Ospałość działań w zrównoważonej europejskiej polityce rolnej i żywnościowej promującej agroekologię, może odbić się negatywnie na sąsiednich krajach, takich jak Ukraina. Biorąc pod uwagę fakt, że drobni rolnicy w tym kraju zapewniają aż 98% całkowitych zbiorów ziemniaków, 86% warzyw, 85% owoców i 81% mleka, jest to korzystna sytuacja do odbudowania zasobów naturalnych oraz tworzenia zrównoważonych modelów gospodarczych i społecznych, opierających się na rolnictwie na małą skalę. Problem jednak w tym, że zamiast drobnych rolników, którzy są gwarantem bezpieczeństwa żywnościowego, dotacje wspierają obecnie głównie duże gospodarstwa przemysłowe produkujące na eksport.
Jak powiedział w wywiadzie z Rzeczpospolitą Komisarz UE ds. rolnictwa, Janusz Wojciechowski — (...) Przyszłością są też małe gospodarstwa, odporniejsze na choroby i niekiedy związaną z nimi koniecznością wybicia stad. W mniejszych gospodarstwach oznacza to mniejsze straty. Łatwiej je też odbudować. Rozproszenie hodowli ma też znaczenie dla zapewnienia bezpieczeństwa żywnościowego, oznacza mniejsze narażenie na zagrożenie militarne czy cyberataki. Rolnictwo powinno się też wzmocnić przez większe powiązanie z lokalnym przetwórstwem, z lokalnym rynkiem. Ważne są krótkie łańcuchy dostaw. To mamy w planach strategicznych.

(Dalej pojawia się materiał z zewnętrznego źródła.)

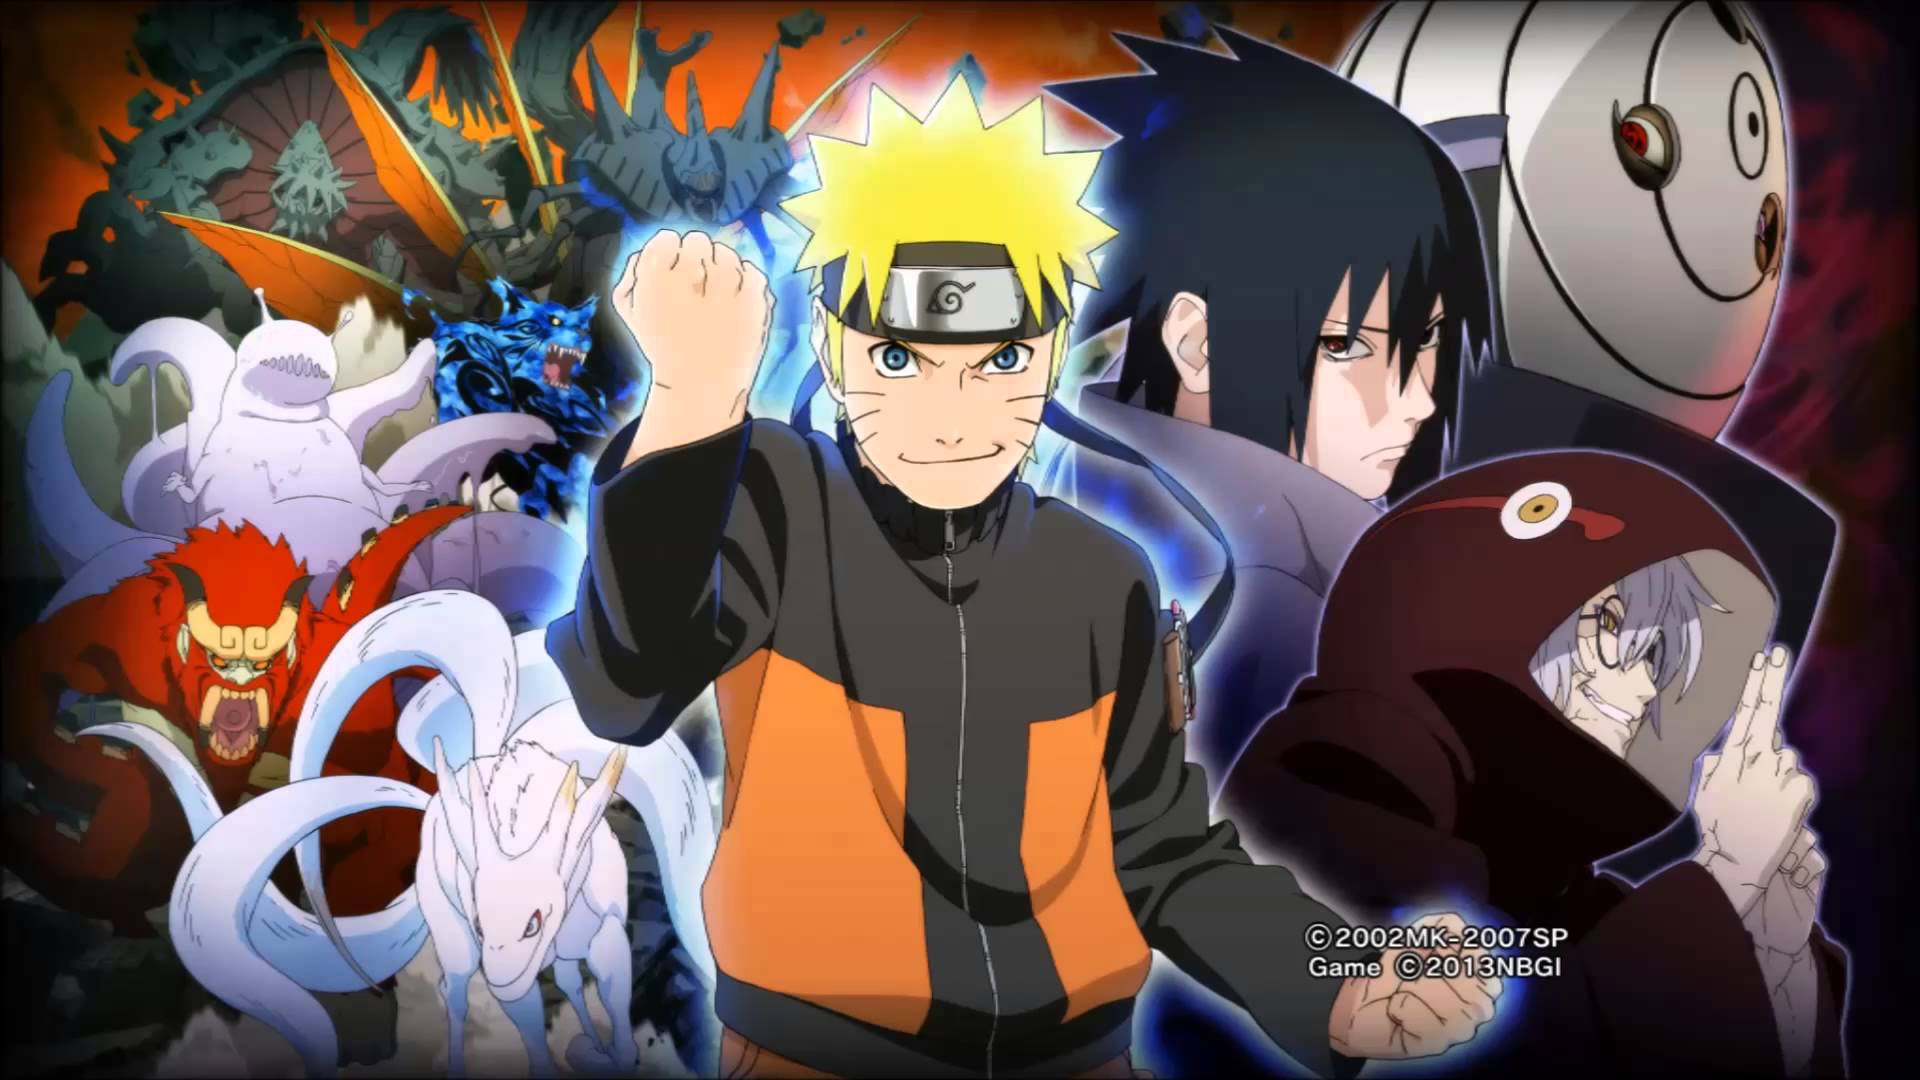 Naruto Shippuden Wallpaper HD

Szczęśliwie, ostatnie kilka lat dowiodło zdolności Europy do mobilizowania dużych ilości środków w krótkim czasie — najpierw przez pandemię, teraz przez napaść rosyjską na Ukrainę. Można mieć nadzieję, że podobnie będzie z tematem bezpieczeństwa żywnościowego. Dla redukcji gazów cieplarnianych, dla ratowania bioróżnorodności, dla bezpieczeństwa żywnościowego, Europejczycy pilnie potrzebują natychmiastowego inwestowania w transformację naszego rolnictwa i systemów żywnościowych.
Od naszych pól do naszych stołów, mamy szansę na sprawiedliwą, zgodną z zasadami zrównoważonego rozwoju, odporną na czynniki zewnętrzne przyszłość. Poprzez oczekiwanie żywności wysokiej jakości, dostępnej ekonomicznie i wyprodukowanej bez szkody dla środowiska, konsumenci europejscy przyczynili się do wsparcia kierunku zmian WPR. Jednak ich wybory i indywidualne potrzeby, muszą być wspierane przez zmiany systemowe, polityki publiczne i promowanie zmiany nawyków żywnościowych przez państwa członkowskie.